#### INFORMATION PROVIDED:
____________________

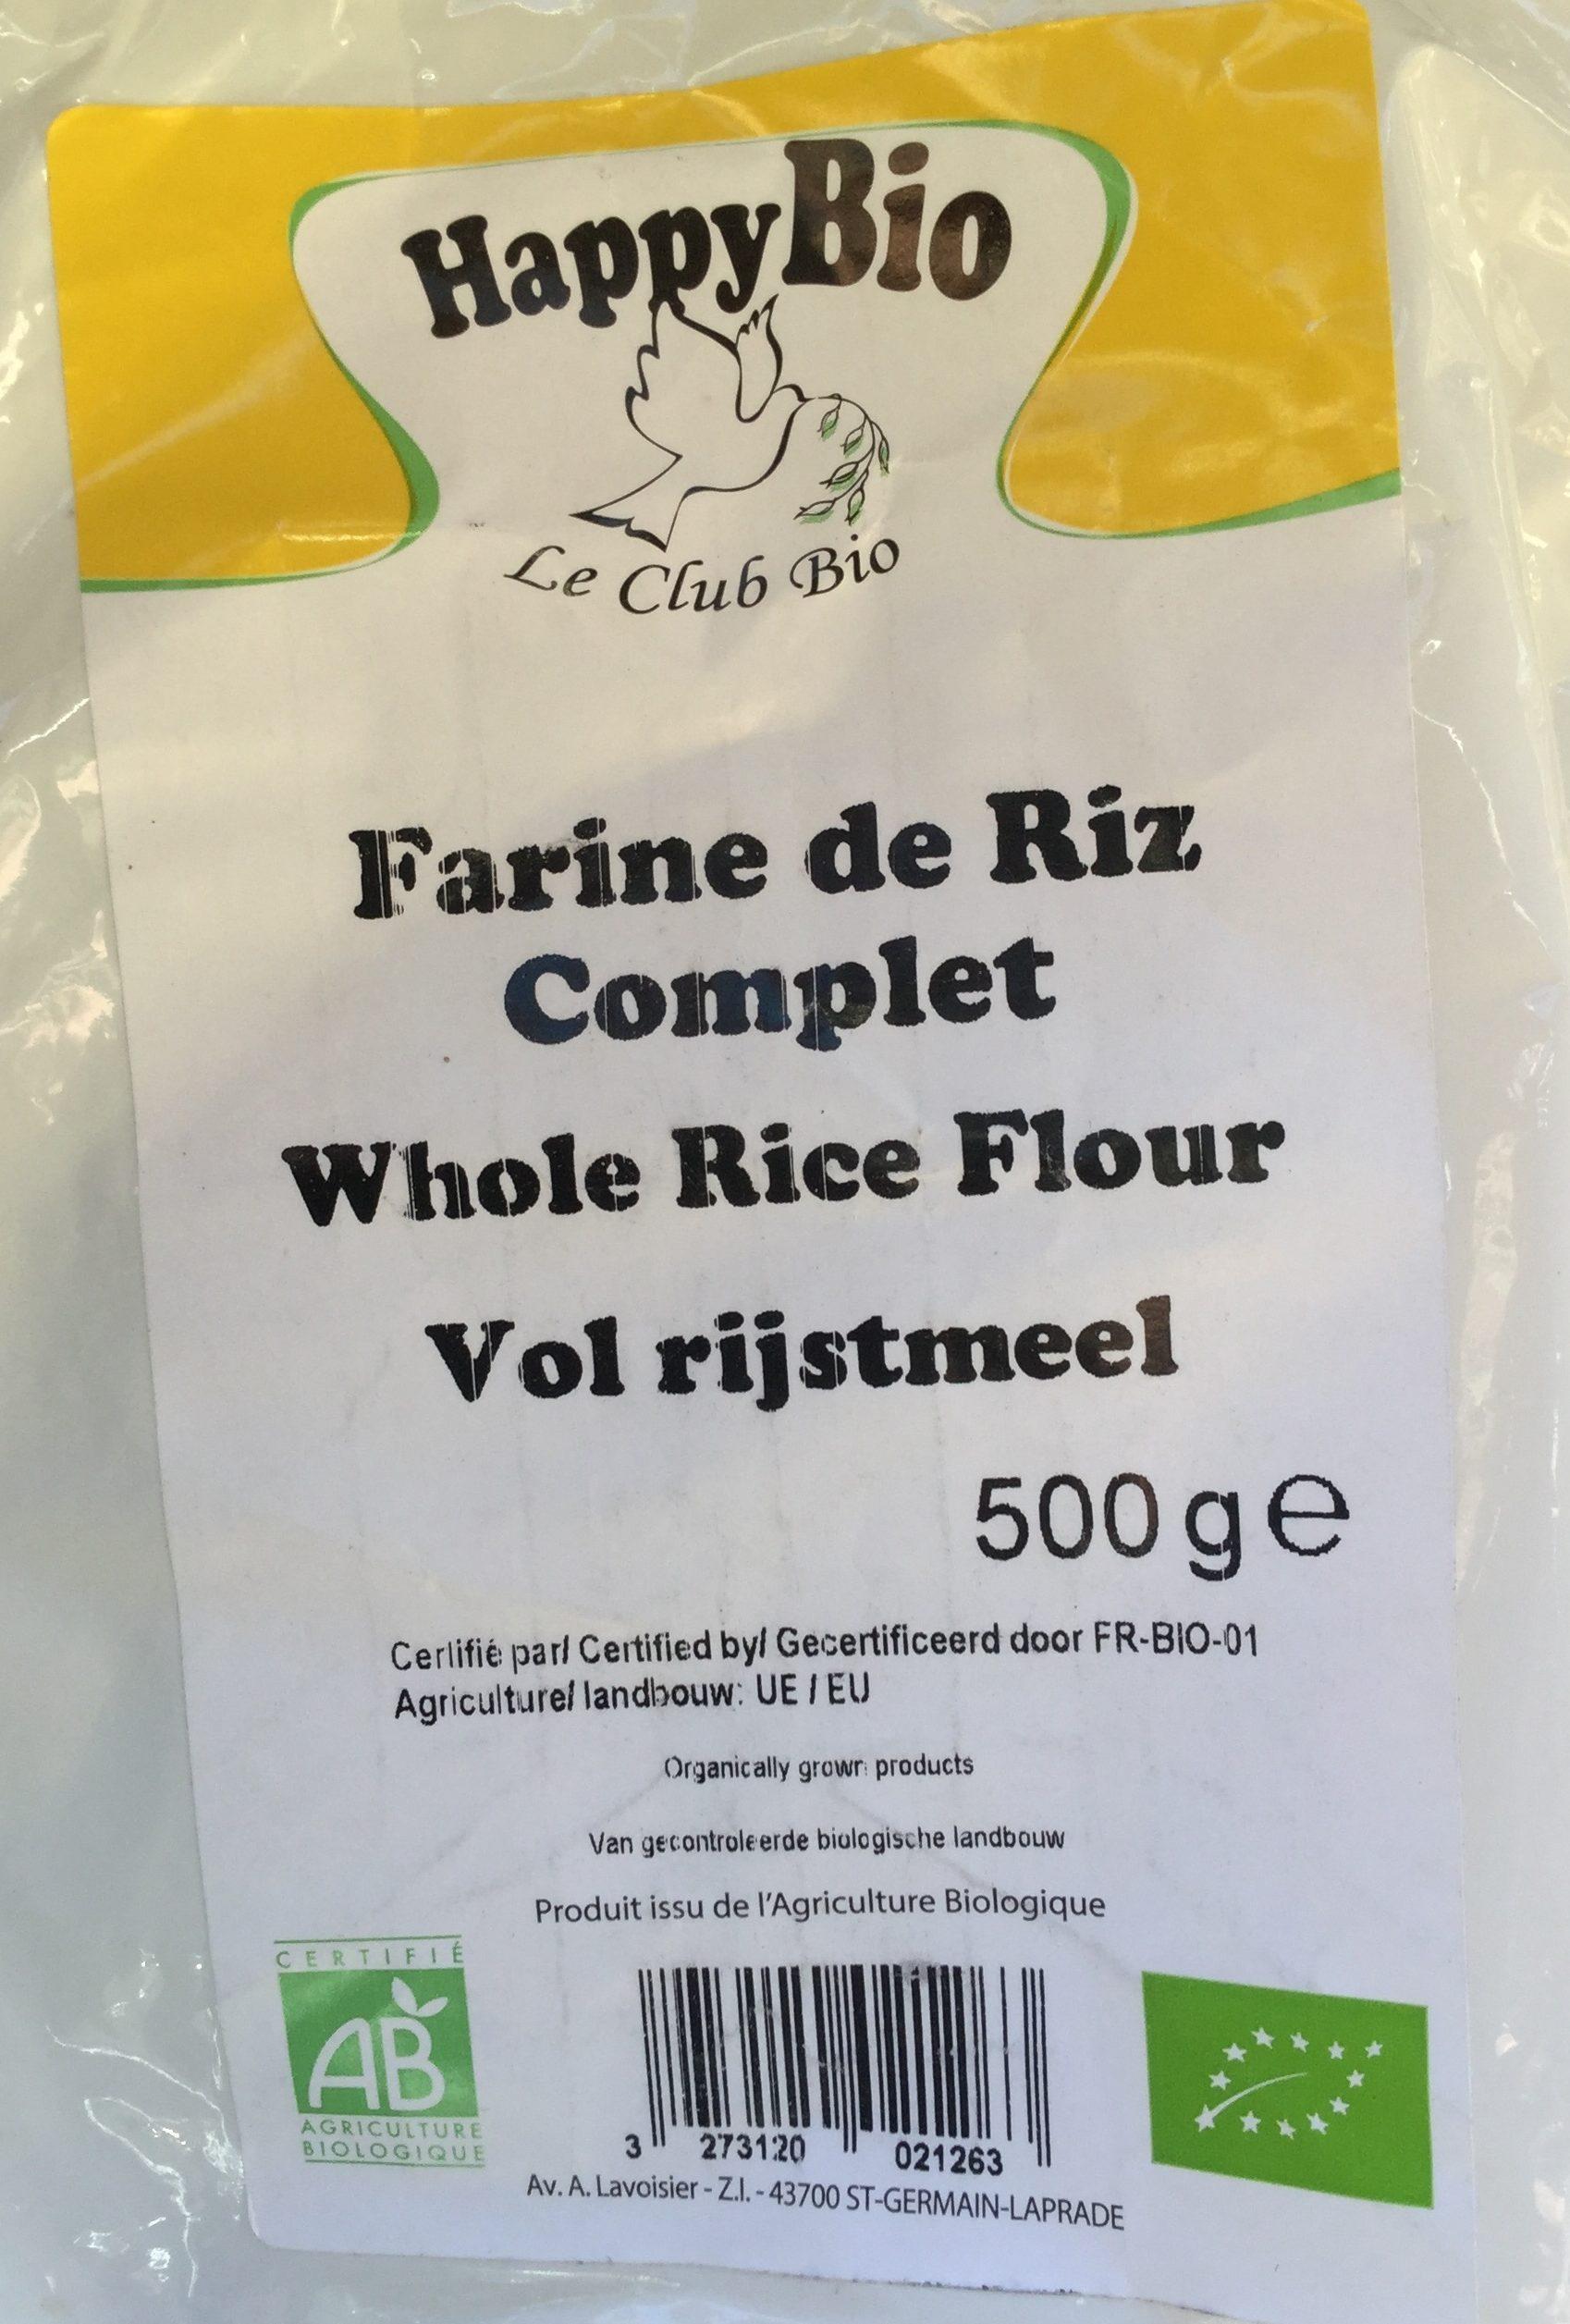 Farine de riz complet - Product - fr
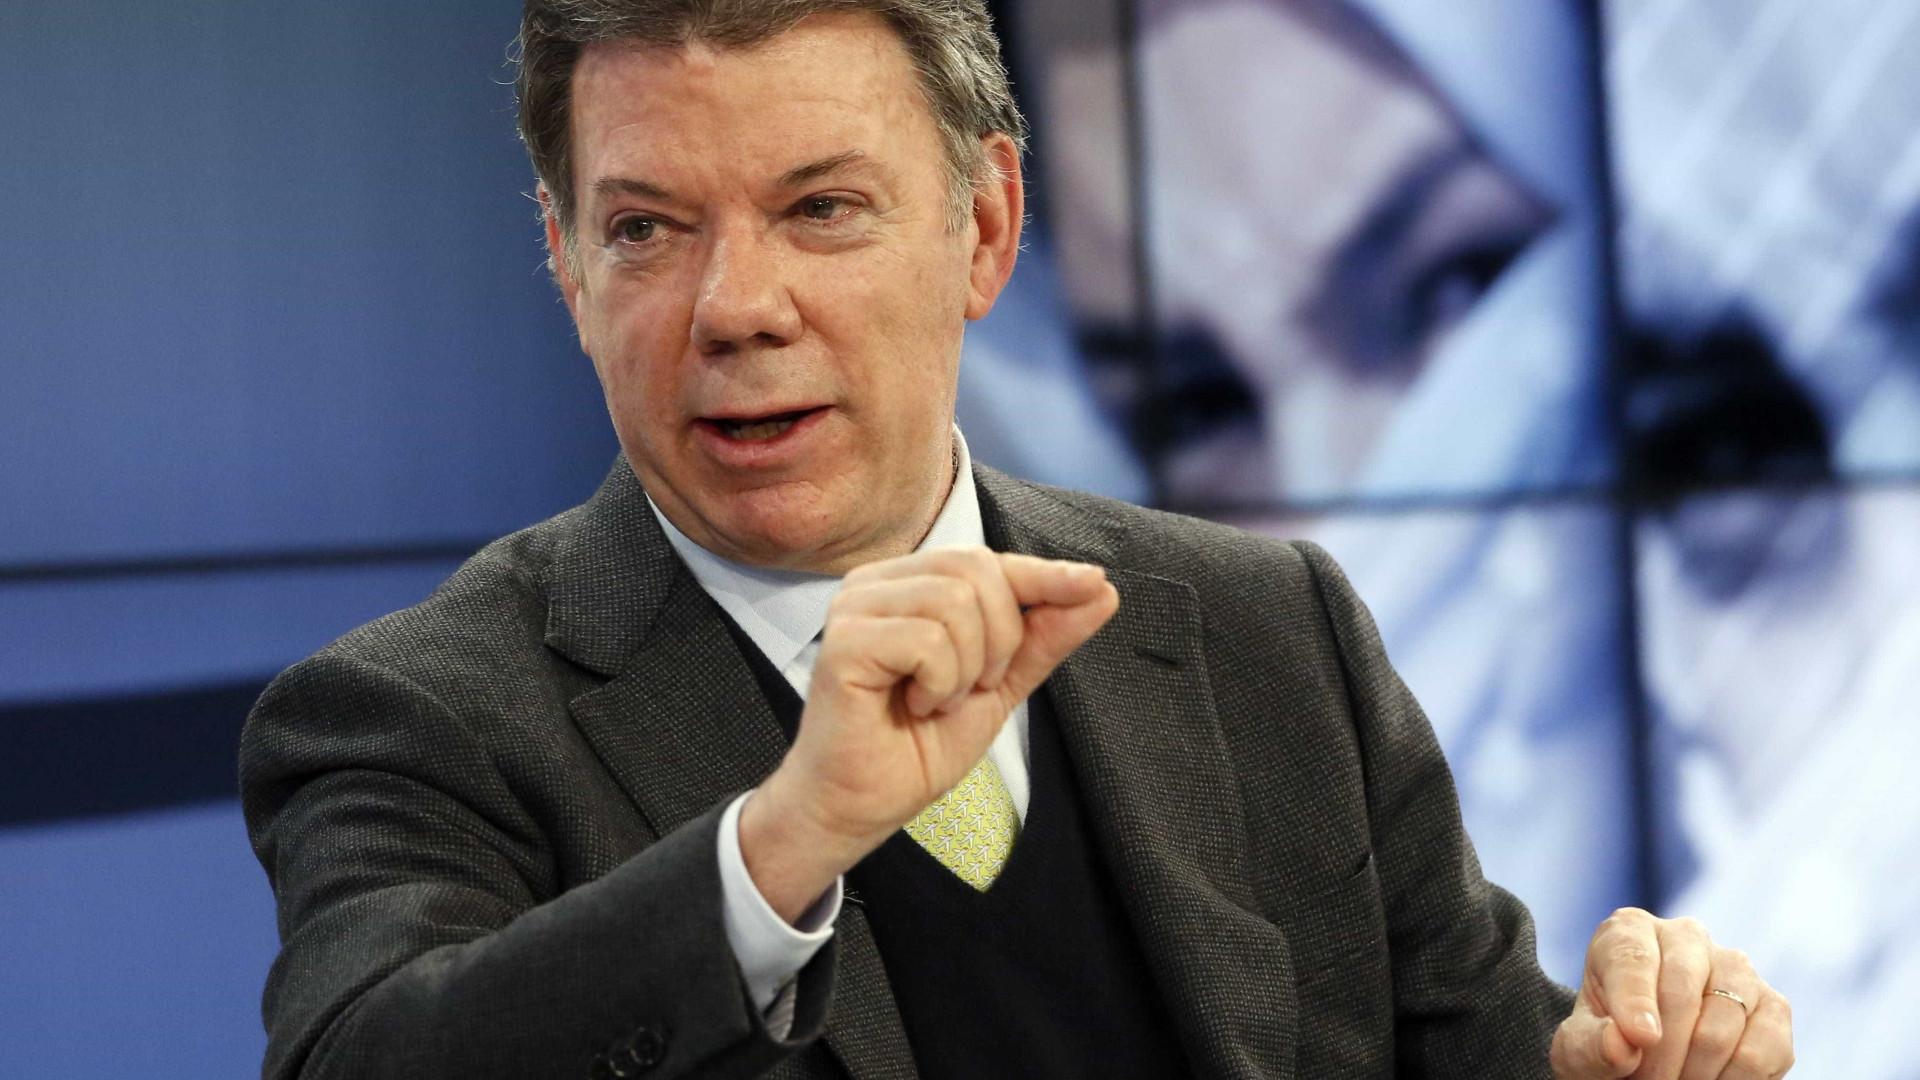 Presidente da Colômbia cancela visita a Portugal
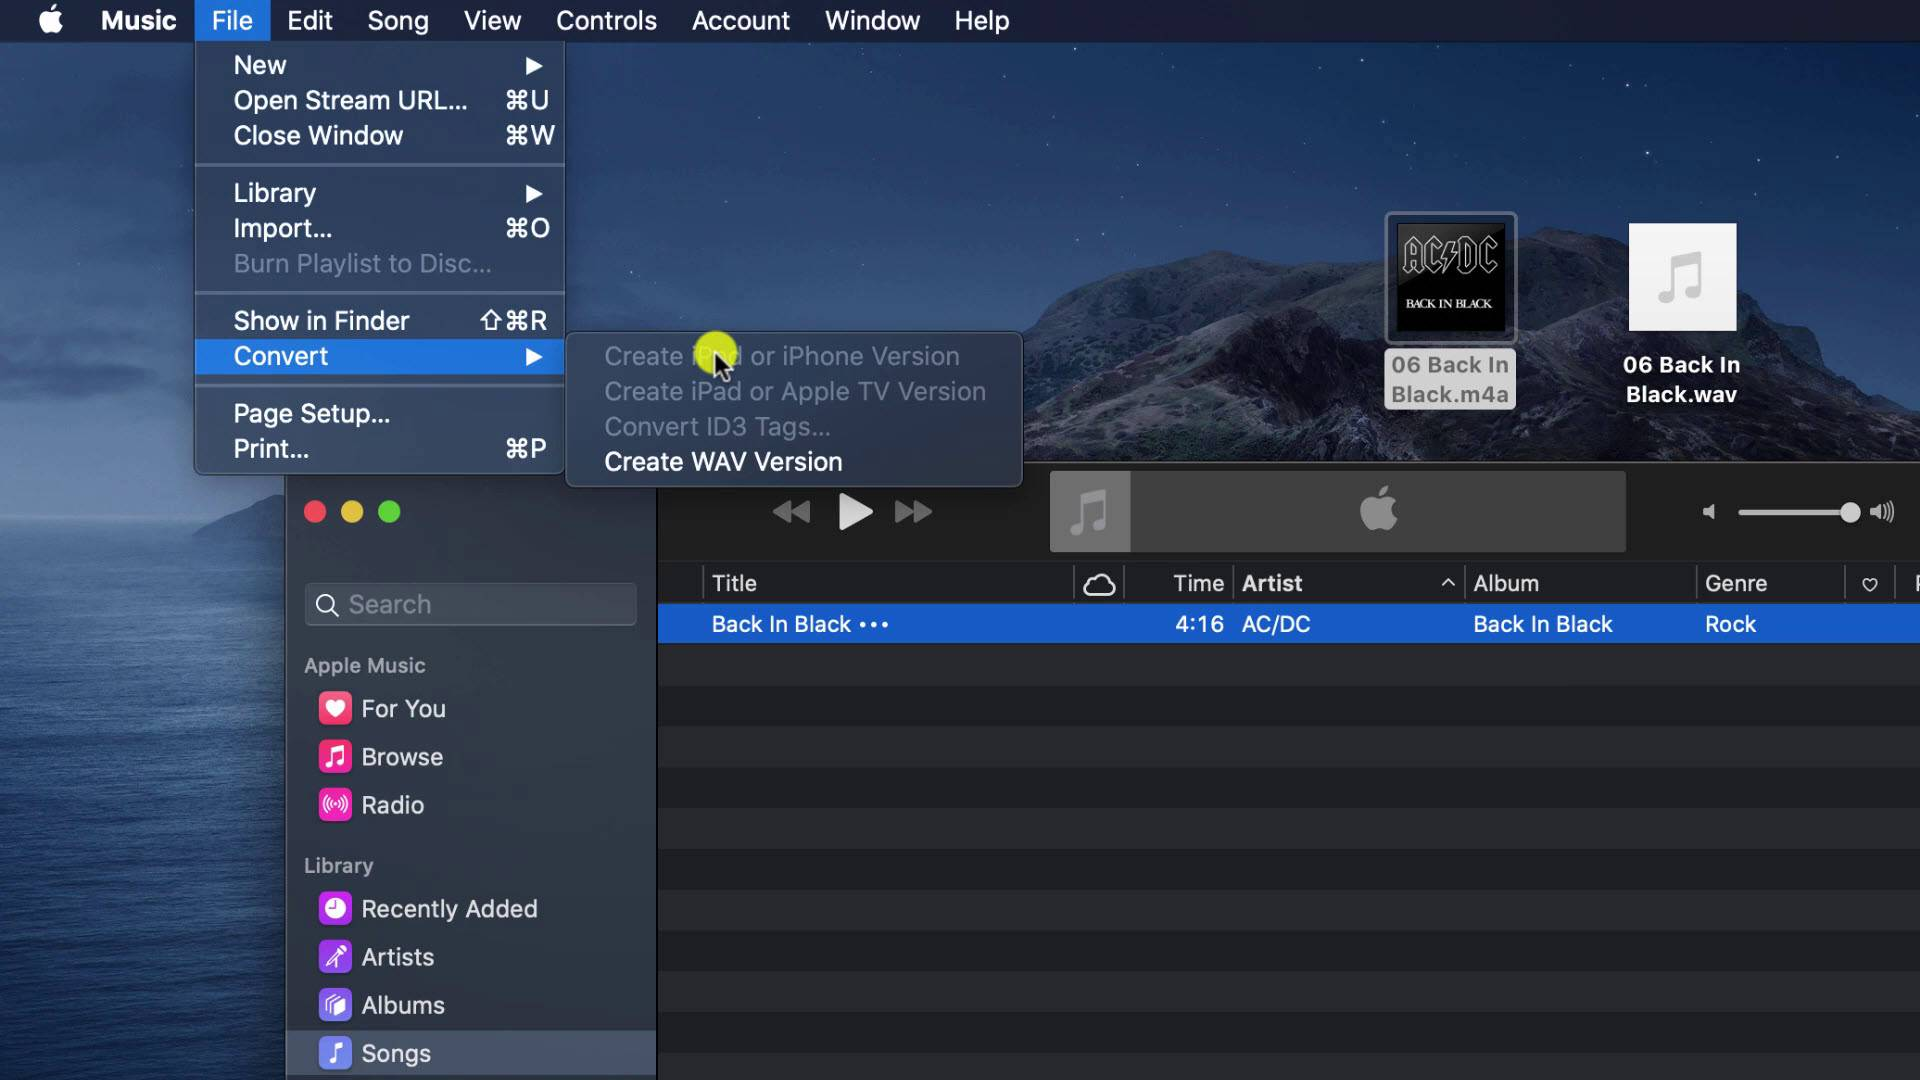 The create a wav version menu option in apple music

____________________

#### WHAT YOU HAVE TO DO:
Beginning with the line that includes "Presidente da Colômbia" and ending with the last line of the material, reproduce those lines exactly and nothing else, with no pictures.

#### OUTPUT FOR THIS EXERCISE:
 Presidente da Colômbia cancela visita a Portugal
 The create a wav version menu option in apple music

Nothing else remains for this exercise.